The morning sun hangs beneath the clouds over Harker's Island at 6 a.m. The night before had been peaceful, cool and comfortable with enough of a breeze to keep the bugs away. I stow the sleeping gear, clean up the boat, have a granola bar and a cup of fruit for breakfast. We sailed off anchor at 6:40.
The tide is coming in through Beaufort Inlet a mile to the west, a steady current running west to east in the channel inside of Shackleford Banks. I had expected this from reading the tide tables. Through the binoculars I can see the flag atop Fort Macon pointing in my direction, the wind is also heading west to east. It is a cool, clear day. The water is light green, the beach is white.
I begin a series of tacks back and forth across the channel, mostly making ground in the running tide, sometimes losing ground. I don't mind. It is pleasant sailing. I am in no rush, I don't want to reach the inlet until high tide sometime after 9 a.m.
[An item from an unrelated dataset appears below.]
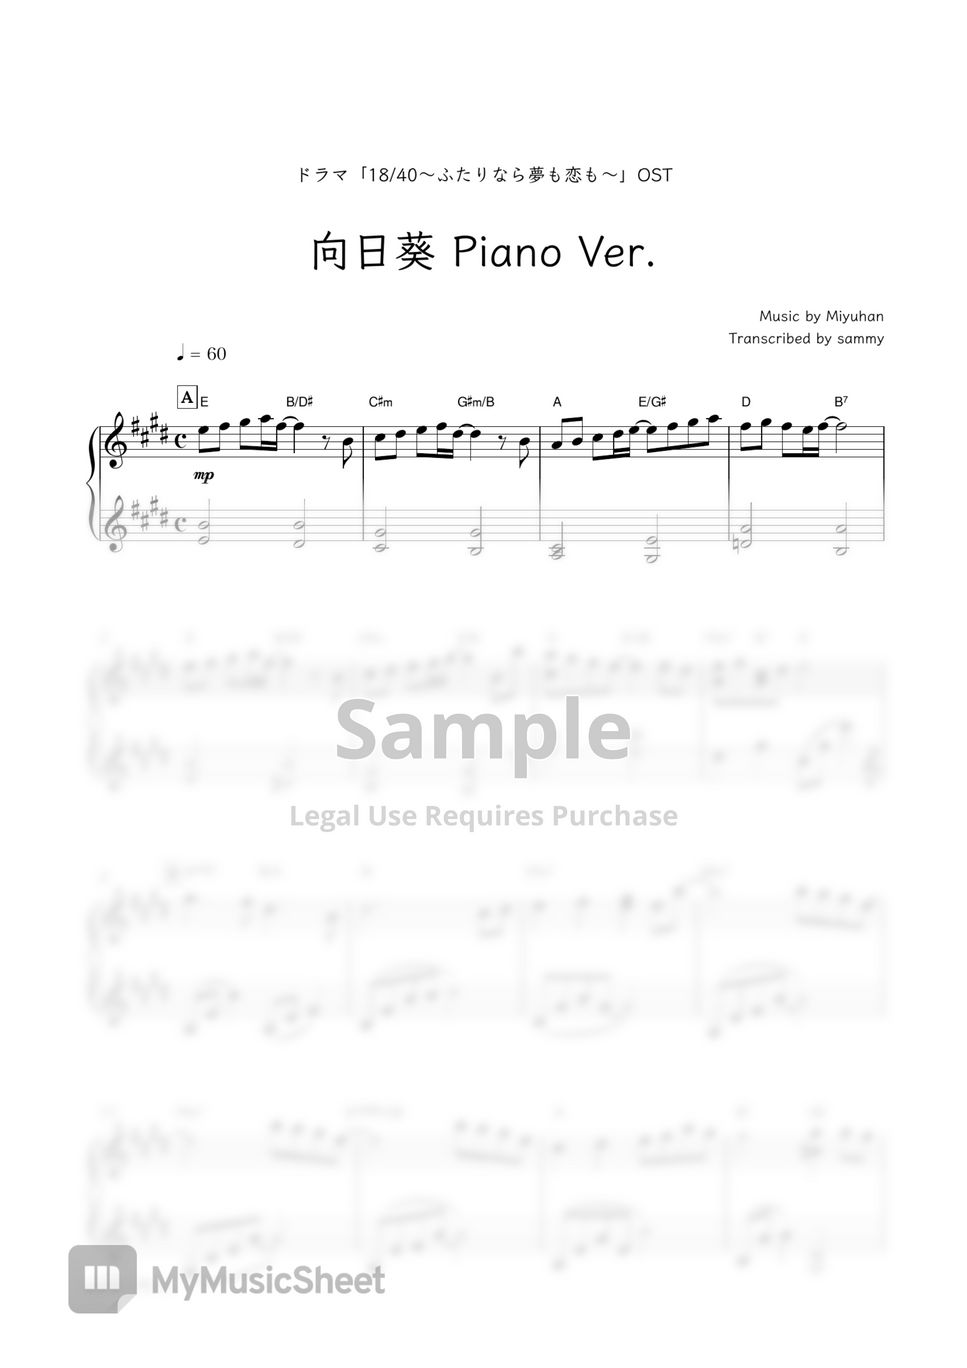 Ado・Japanese TV Series "18/40 - Futari nara Yume mo Koi mo - " OST - Himawari Piano ver. (向日葵 Piano ver.) by sammy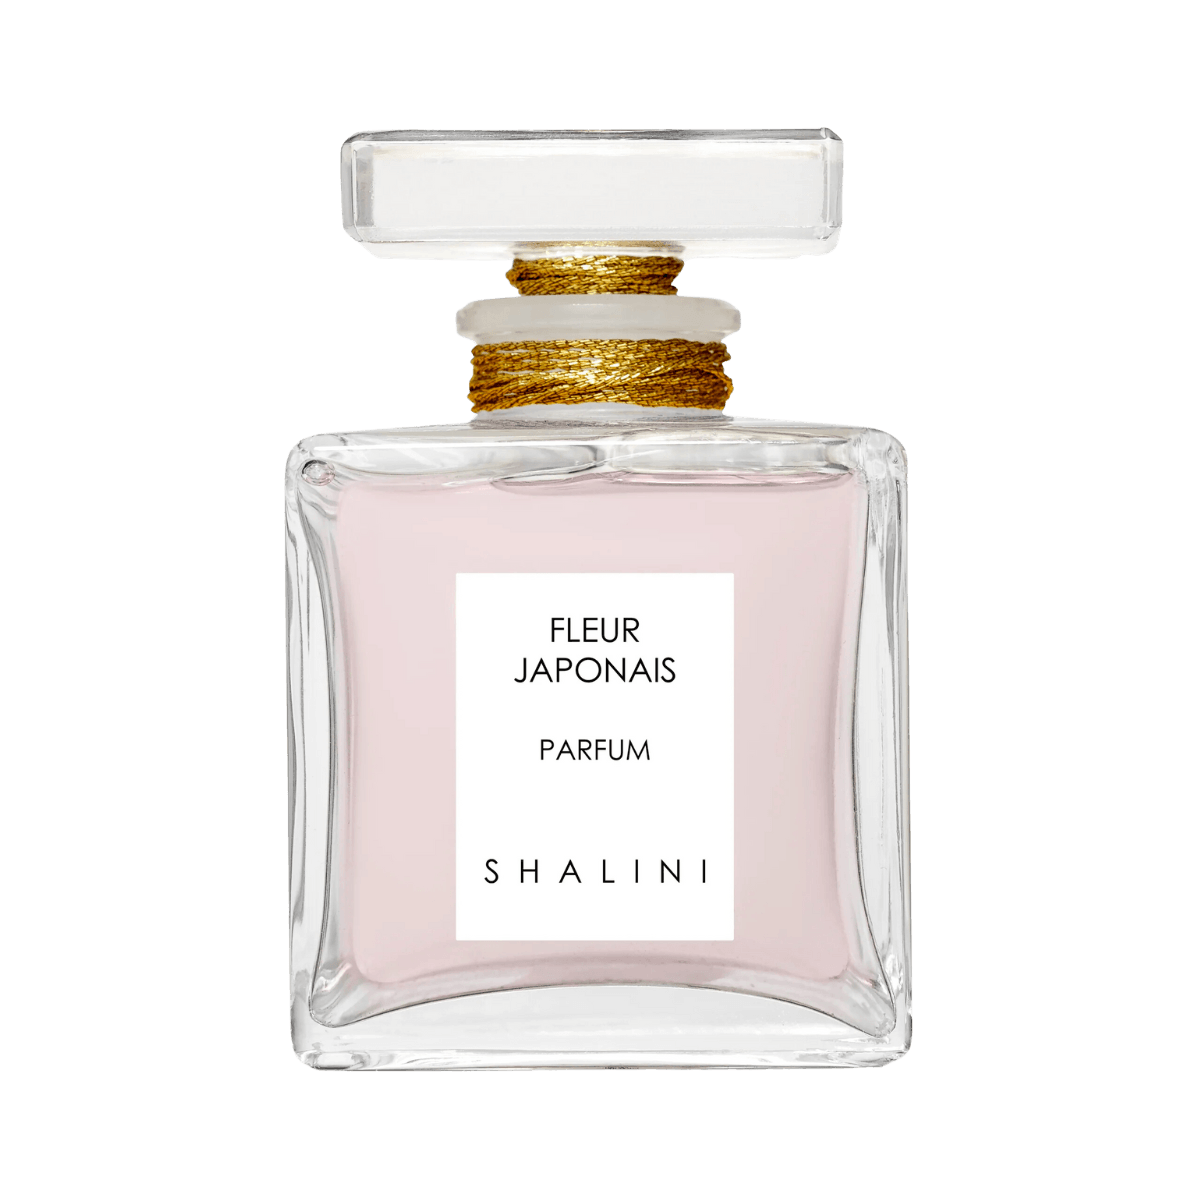 Image of Fleur Japonais glass stopper by the perfume brand Shalini

Sailing north on a port tack over what is marked on the gps as a shoal, I realize that the chart is not accurate. I stay on the same tack for a good while, finally spotting the shoal as a small break on the surface with terns hovering low over patches of rippling water. I sail until the water color changes, then come about. Back across the channel towards Shackleford banks I feel the centerboard touch bottom in an area marked with a depth of 6' on the chart. A shoal, not on the charts but visible in the clear water, runs just inside of the banks. A hurricane has made landfall here last fall, shifting shoals should not be a surprise. I make the rest of my tacks ignoring the gps, going by water color and the feeding birds.
I mark my distance made good by looking to the north at the masts of boats moored on Taylor's Creek on the other side of Carrot Island. To the south I mark my progress along Shackleford Banks by sights on the beach - the pier at the ranger station, a houseboat anchored near shore, pvc pipes marking submerged rocks, and wild ponies, three dark brown and one reddish one, grazing in the grass near the sand.
Nearing the inlet before 9 a.m. the ferries begin to come around the corner from Beautfort carrying visitors out to the banks. Pontoon boats and large Carolina skiffs, all with bimini tops for shade. They run up to a notch in the beach inside the inlet, put their bows on the beach so the tourists can step off without getting their feet wet.
With a few more long tacks I look south and see that we have a straight shot through the inlet. The water is calm save for some light chop from the wind. I follow the path of a ketch with tan bark sails ahead of me. Waves are breaking in the shallows of the inlet to my port, a "danger" marker sits outside of the shoals. And then we are in open water, making five knots and acting as if we were not nervous to be out on the Atlantic Ocean.
I see people on the beach, they've walked down from the ferries. Then I look over and see an empty beach, too far to walk. Wind and waves are over the starboard quarter, a comfortable downwind run. The waves are large, reminding me of a rough day on Chesapeake Bay a few years ago, but they are spaced out and not breaking. I put out a line to troll.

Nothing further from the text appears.